May 7, 2024

Revenue Increased 21% YOY to $196 million; Net Income of $77 million; Adjusted EBITDA of $116 million; GAAP Diluted EPS of $0.60 and Non-GAAP Diluted EPS of $0.791

Royalty Revenue Increased 21% YOY to $121 million

Reiterating 2024 Financial Guidance: Total Revenue of $915 - $985 million, Representing YOY Growth of 10% - 19%, Adjusted EBITDA of $535 - $585 million, Representing YOY Growth of 26% - 37% and Non-GAAP Diluted EPS of $3.55 - $3.90, Representing YOY Growth of 28% - 41%

Announced New $750 million Share Repurchase Program

SAN DIEGO, May 7, 2024 /PRNewswire/ -- Halozyme Therapeutics, Inc. (NASDAQ: HALO) ("Halozyme" or the "Company") today reported its financial and operating results for the first quarter ended March 31, 2024, and provided an update on its recent corporate activities and outlook.

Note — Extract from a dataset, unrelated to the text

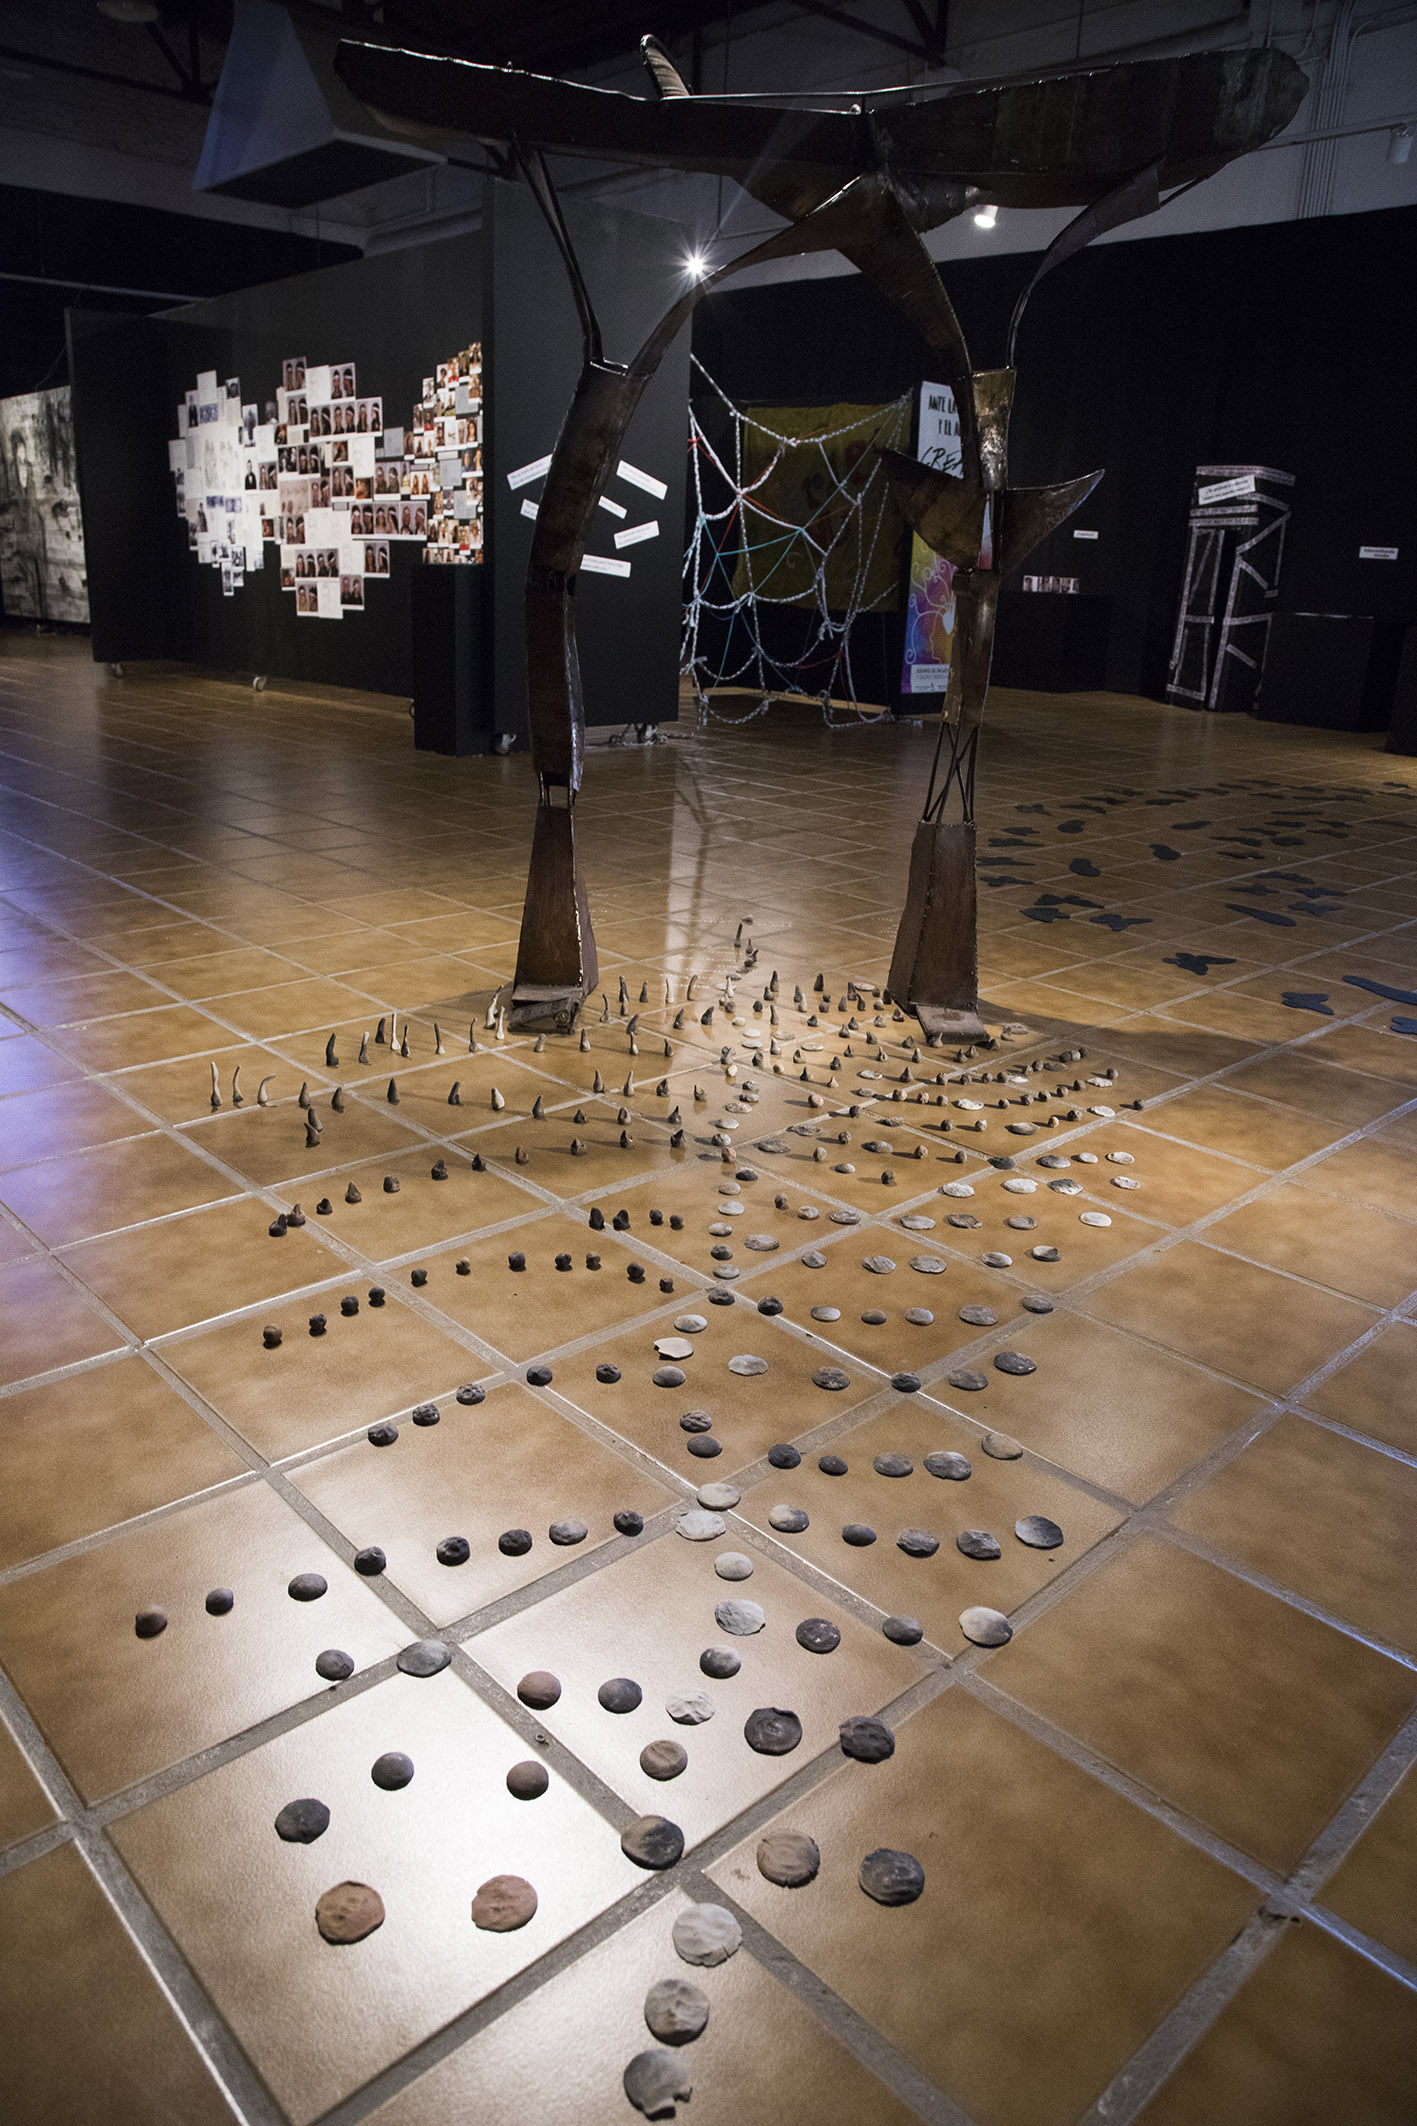 Art installation with large metal sculpture and tokens in pattern along the floor. With gallery and other art in the background.

"We are pleased to report another quarter of double-digit revenue and earnings growth, which keeps us on track to meet our financial guidance for the full year. We entered the new year with continued strong advancement of our ENHANZE partner products and pipeline. Our partnership with argenx represents a significant growth opportunity following the approval for VYVDURA, efgartigimod co-formulated with ENHANZE, for generalized myasthenia gravis in Japan and with the potential U.S. approval for VYVGART Hytrulo for CIDP in June 2024. Following European approval of Roche's Tecentriq SC, we look forward to potential U.S. approval for Tecentriq SC in September 2024. Roche has also received a recommendation for approval of ocrelizumab SC by the European Medicines Agency's Committee for Medicinal Products for Human Use, with final approval expected mid-year and a potential U.S. approval in September 2024. Continuing our strong Wave 3 progress, BMS recently announced a U.S. Prescription Drug User Fee Act goal date of February 28, 2025 for nivolumab SC," said Dr. Helen Torley, president and chief executive officer of Halozyme. "Our leading innovations are the driver of our robust portfolio and patent estate that is resulting in new revenue opportunities and durable revenue and EBITDA growth."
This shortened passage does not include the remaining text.